◆ Required work: Reproduce exactly the line that contains "Guidance Note on Use of The" and every line after it through the end of the records below, leaving out all pictures.

◆ Task input:
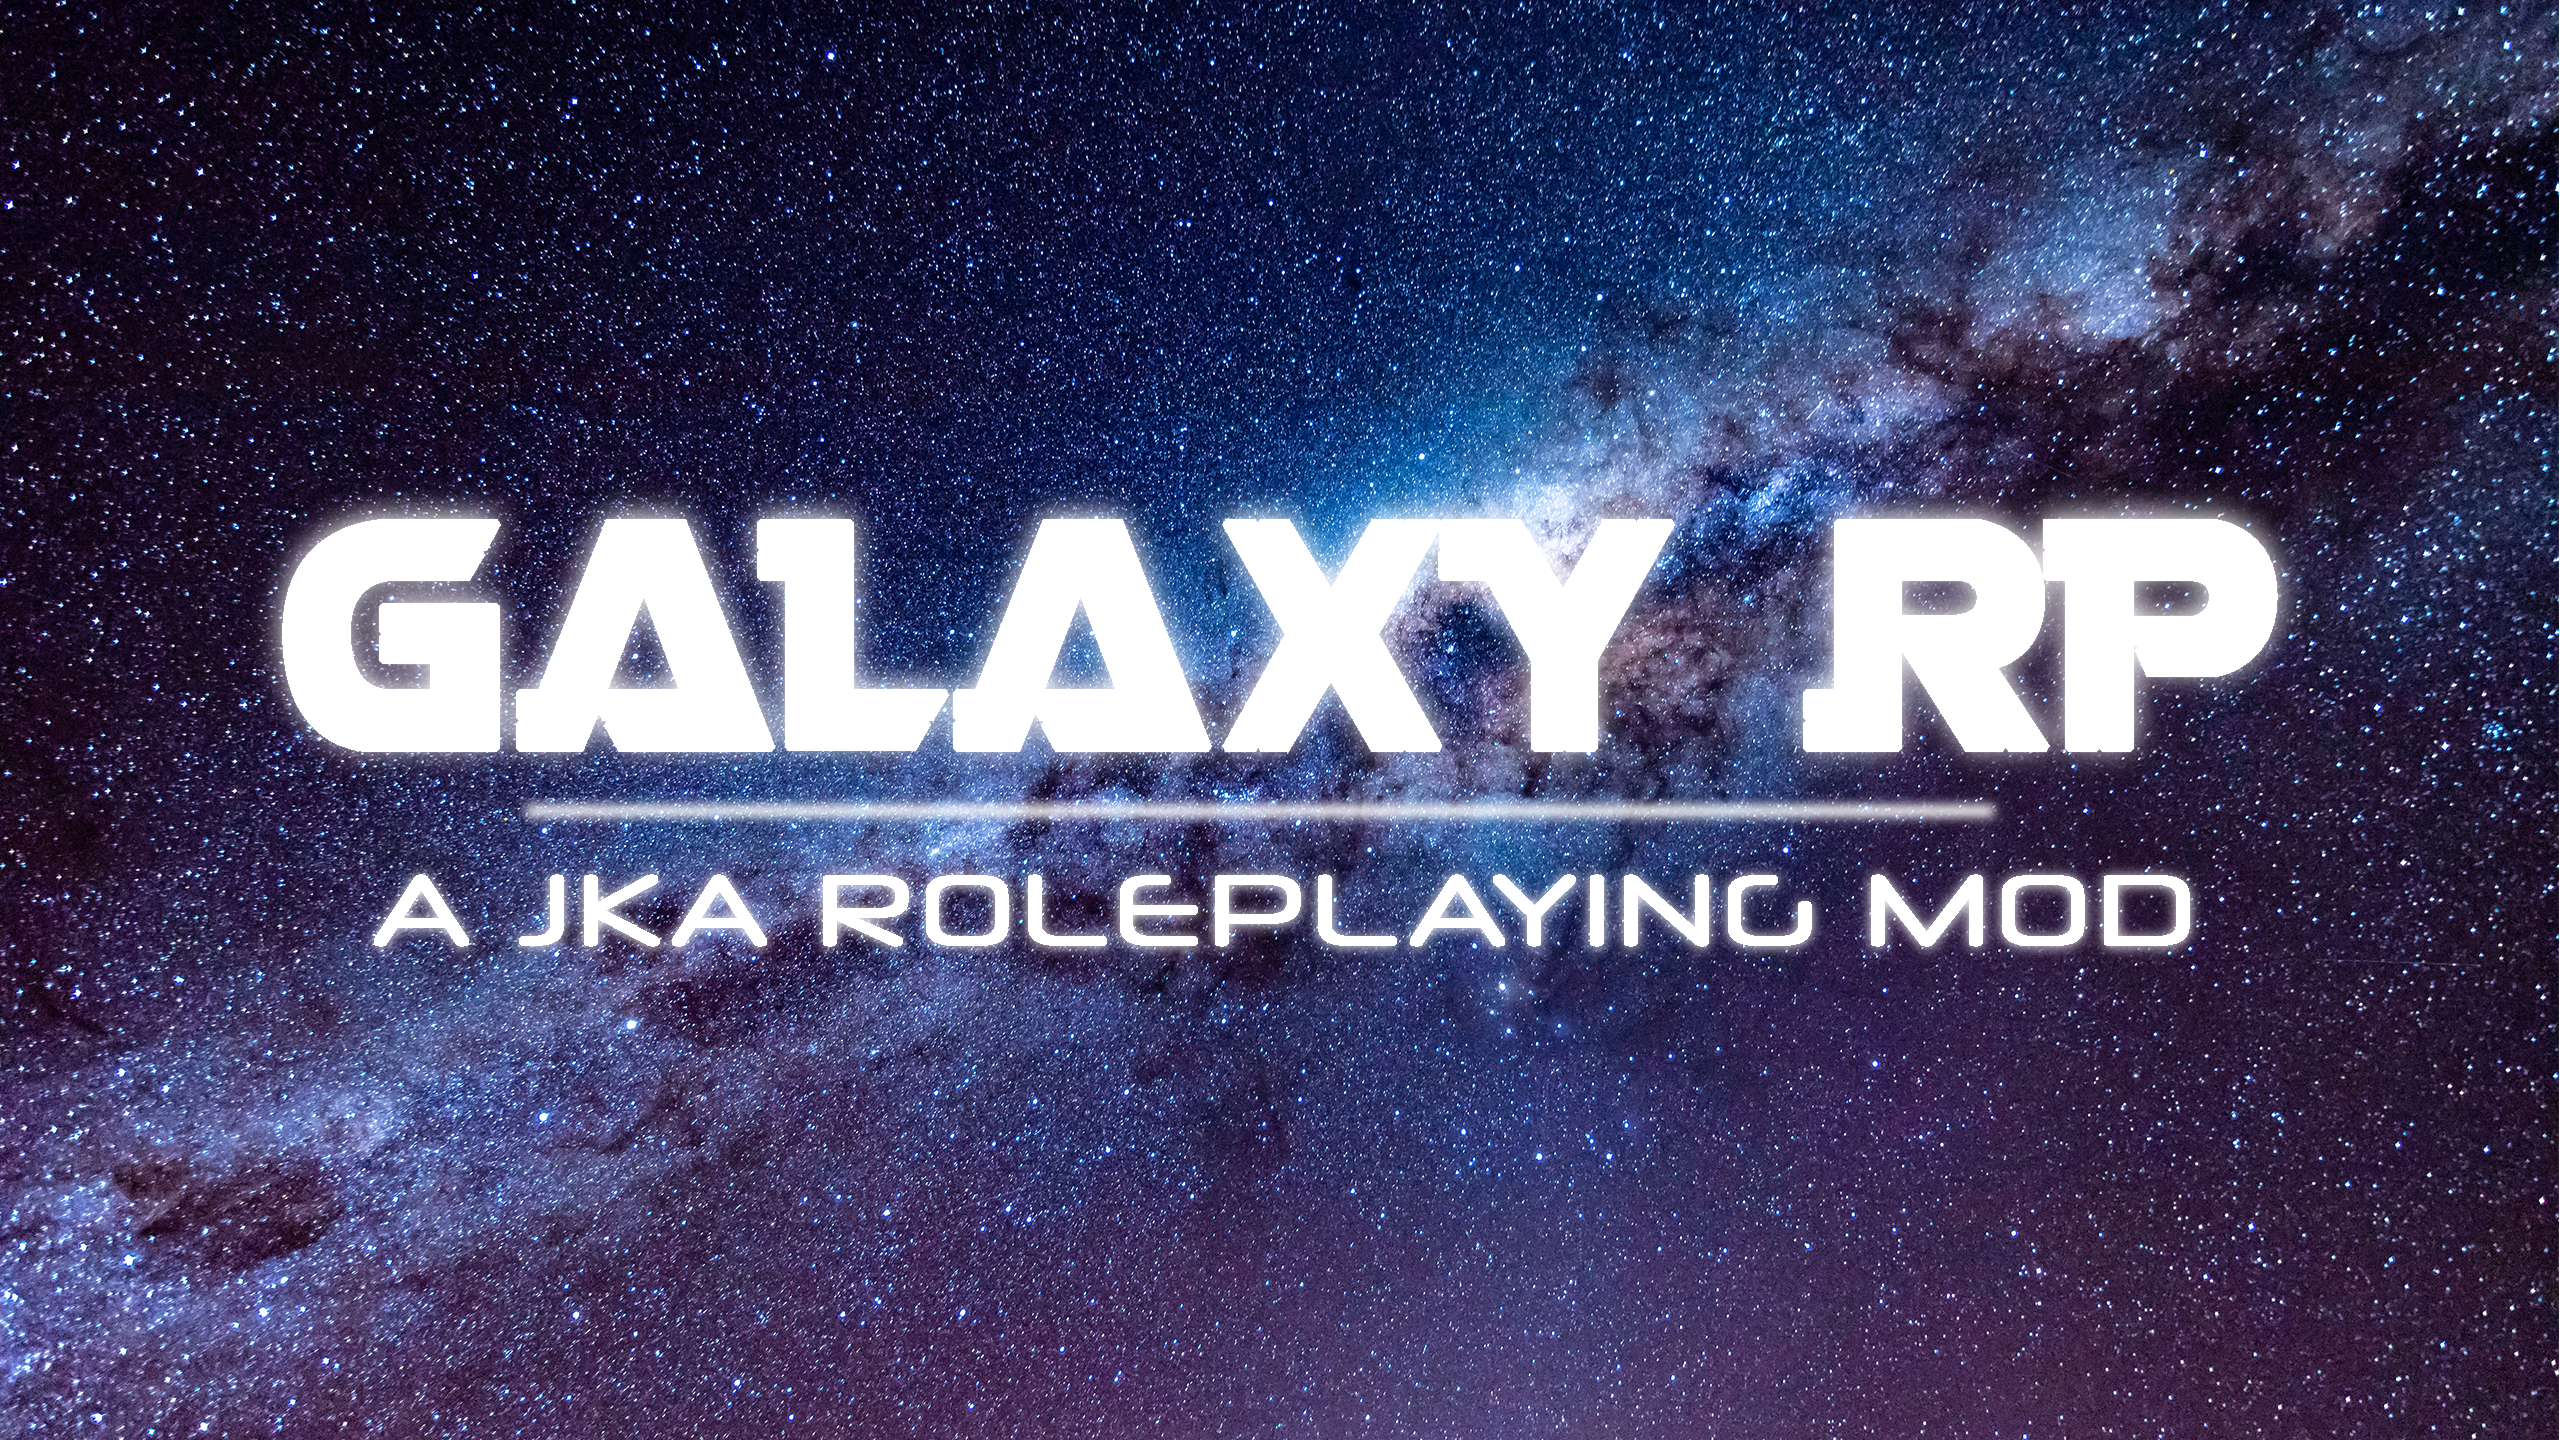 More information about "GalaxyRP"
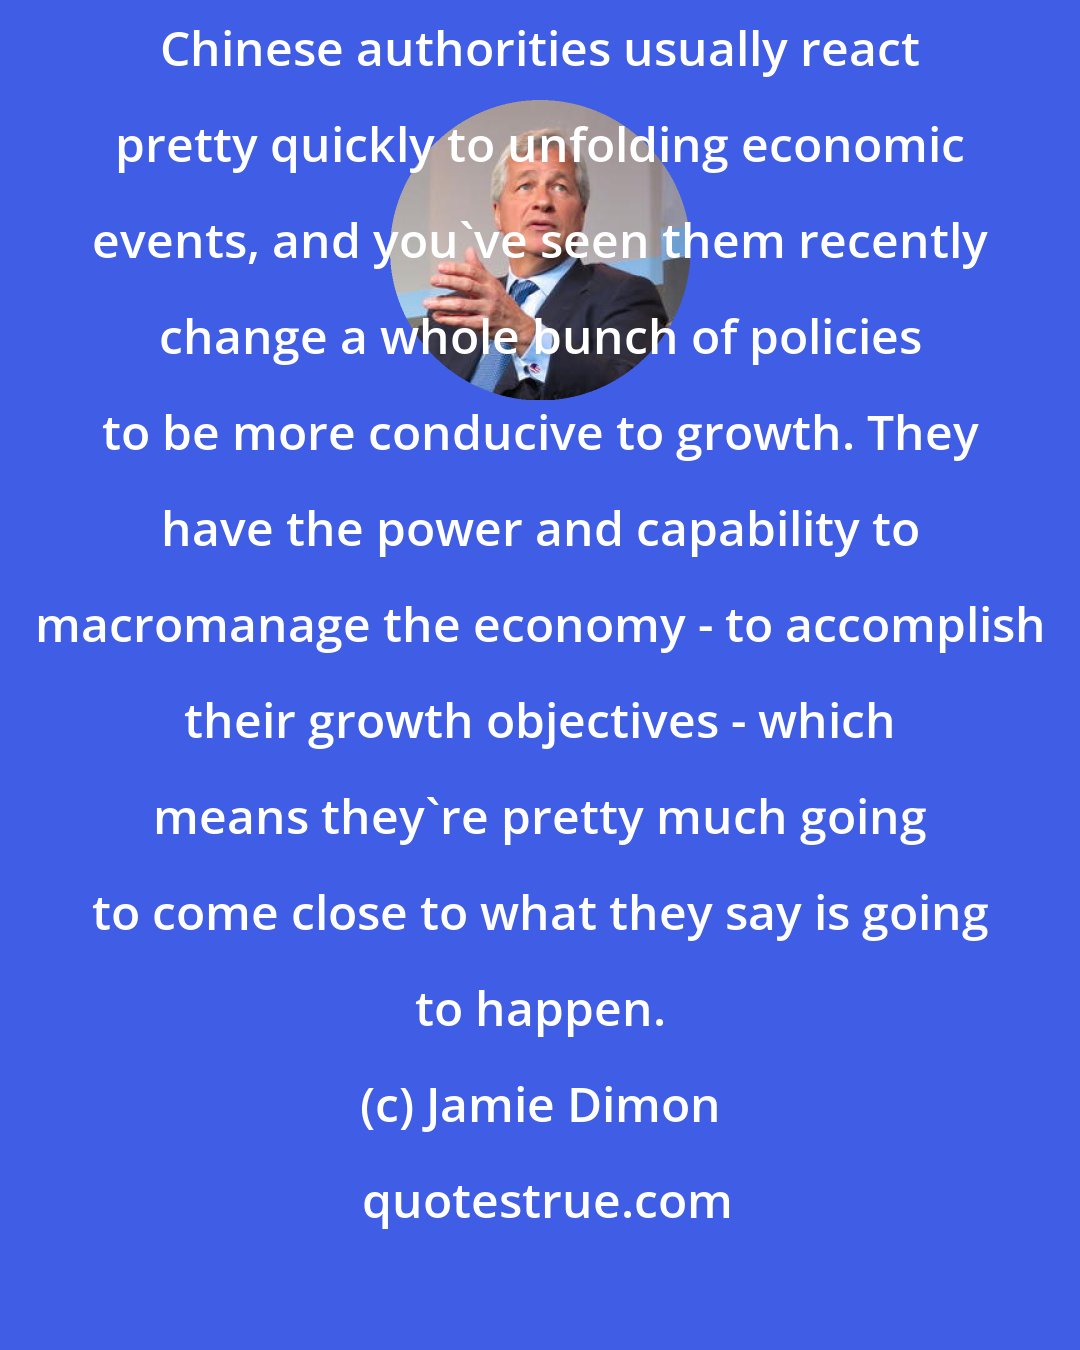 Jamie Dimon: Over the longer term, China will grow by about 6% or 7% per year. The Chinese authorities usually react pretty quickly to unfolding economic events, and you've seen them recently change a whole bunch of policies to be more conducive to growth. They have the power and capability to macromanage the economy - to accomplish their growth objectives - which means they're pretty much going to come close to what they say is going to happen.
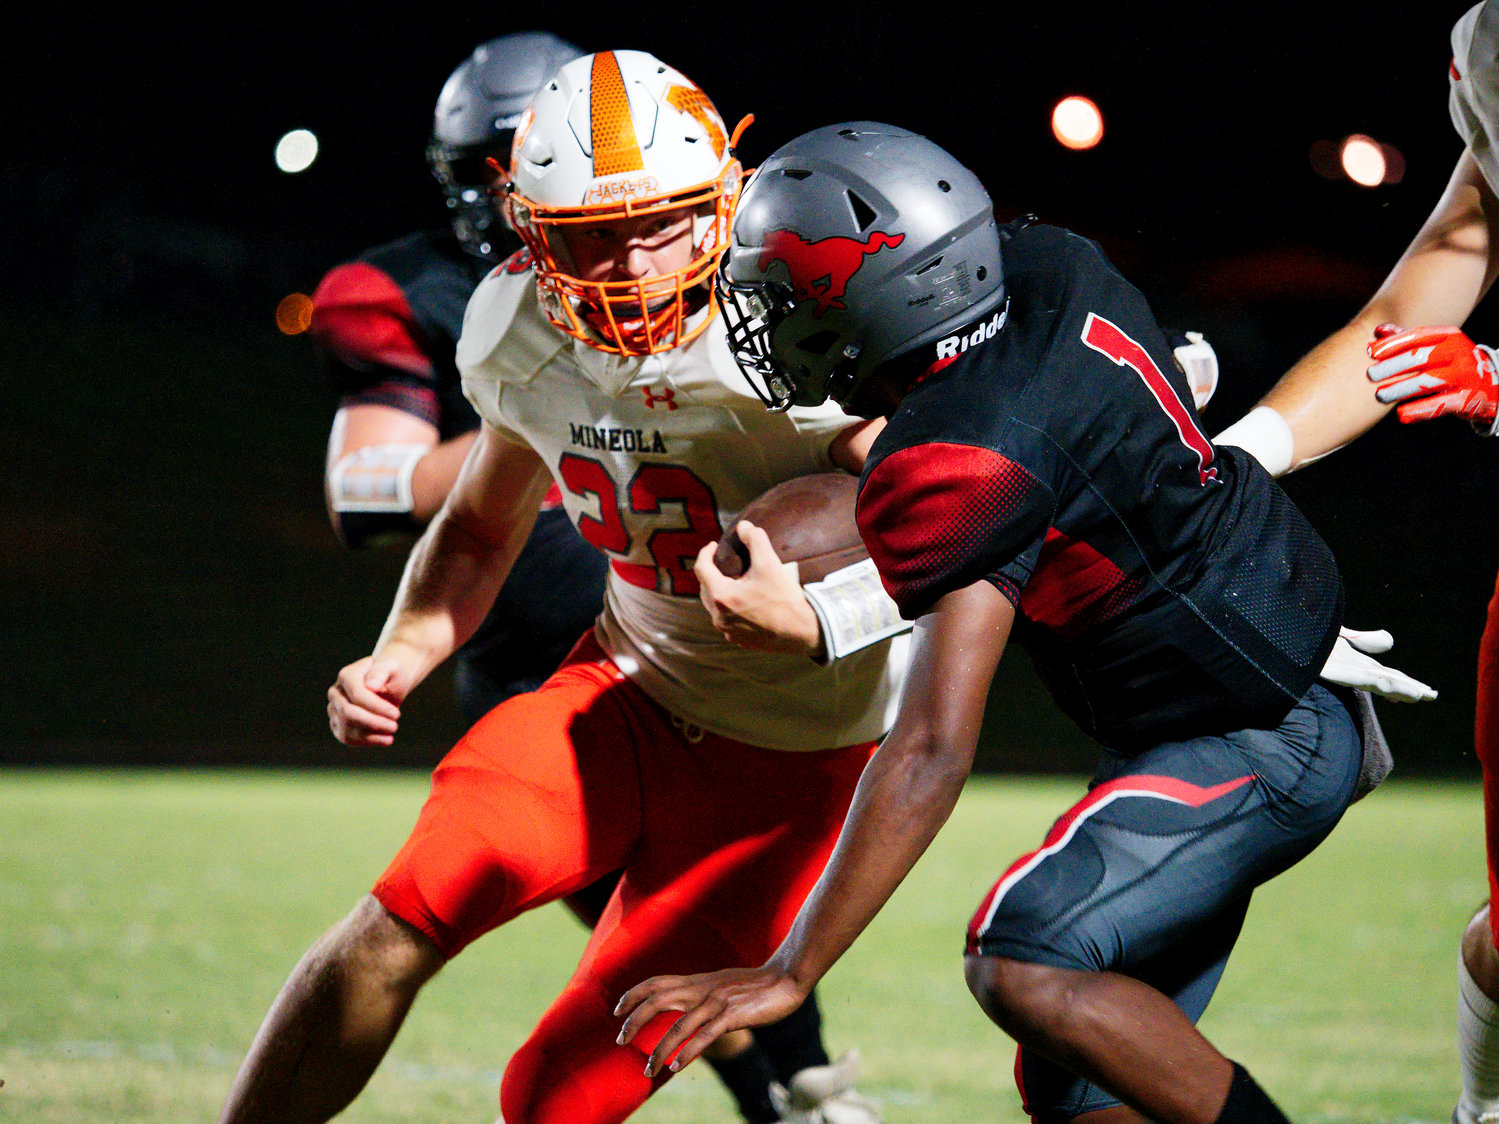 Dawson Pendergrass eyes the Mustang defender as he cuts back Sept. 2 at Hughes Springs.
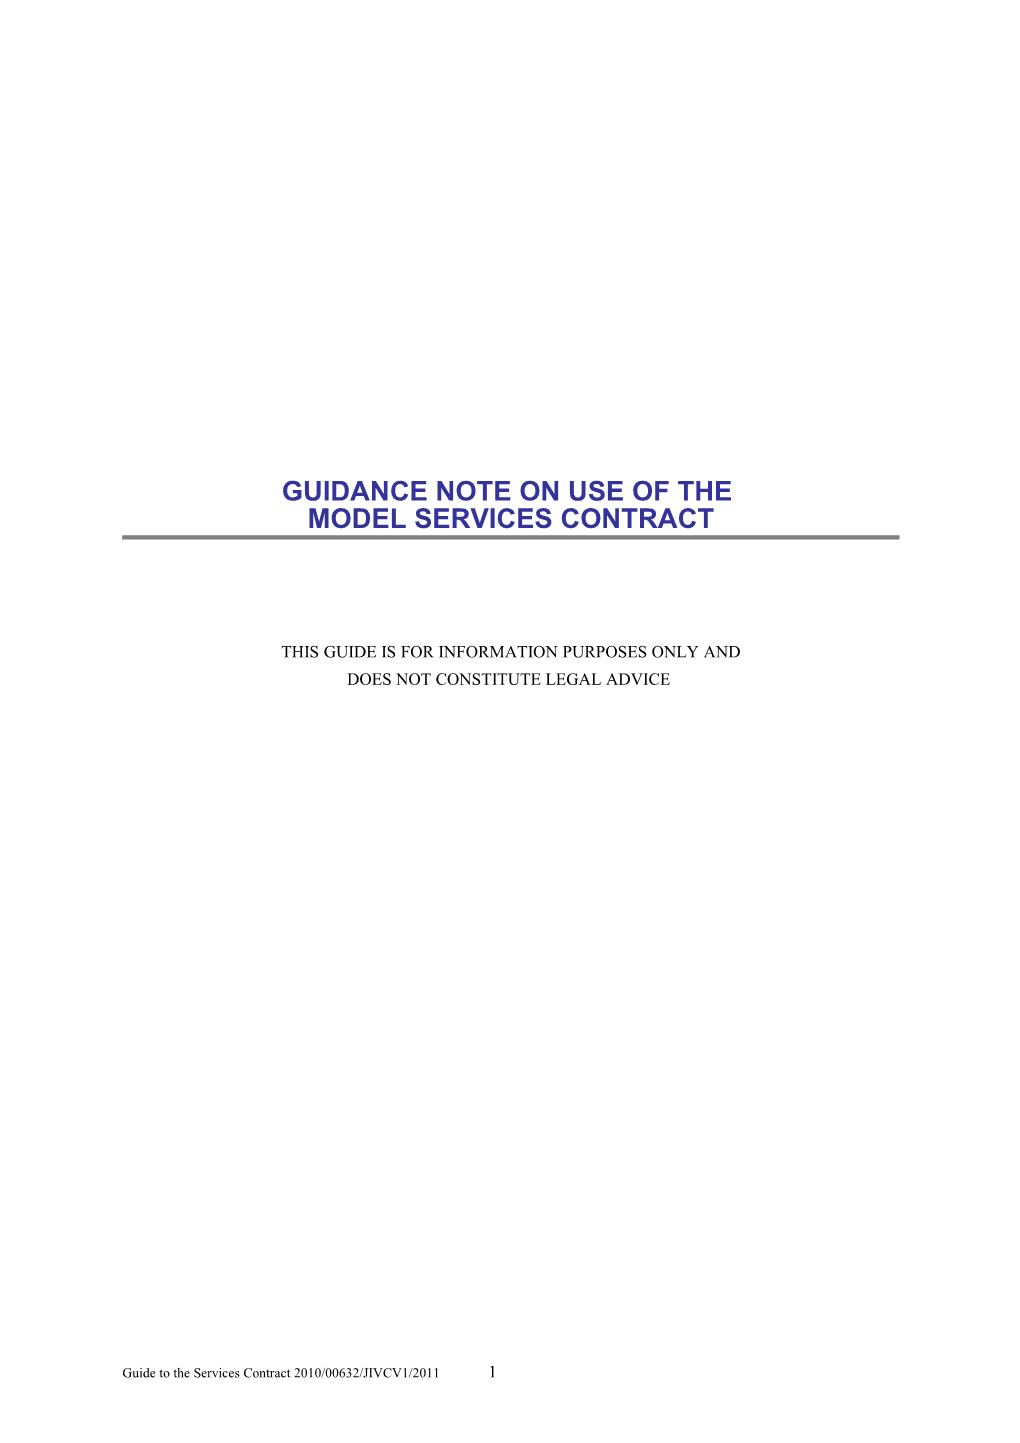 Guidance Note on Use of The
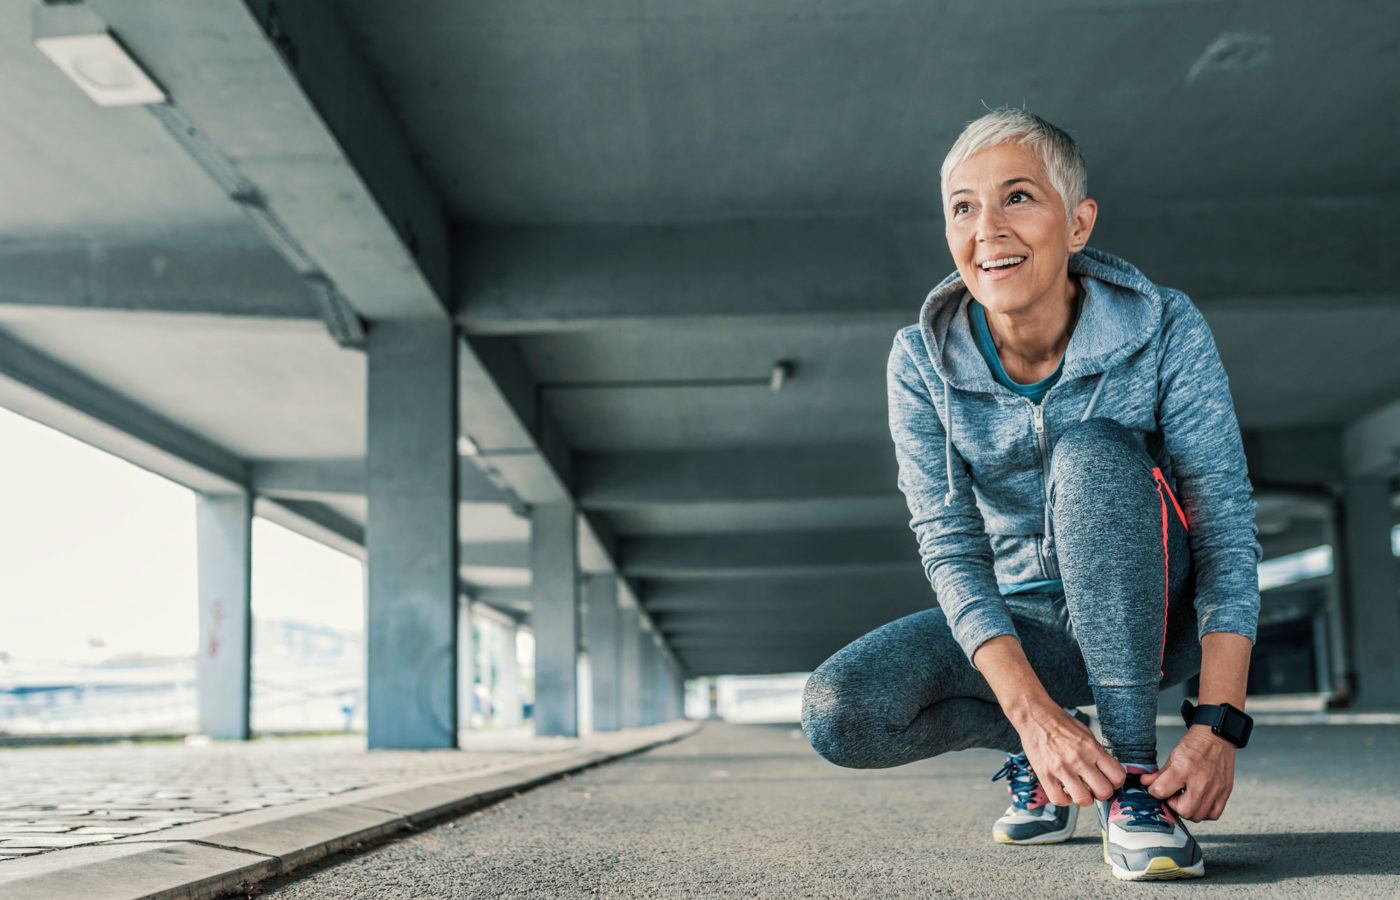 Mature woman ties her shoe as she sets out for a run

◆ Result:
 Guidance Note on Use of The
 Mature woman ties her shoe as she sets out for a run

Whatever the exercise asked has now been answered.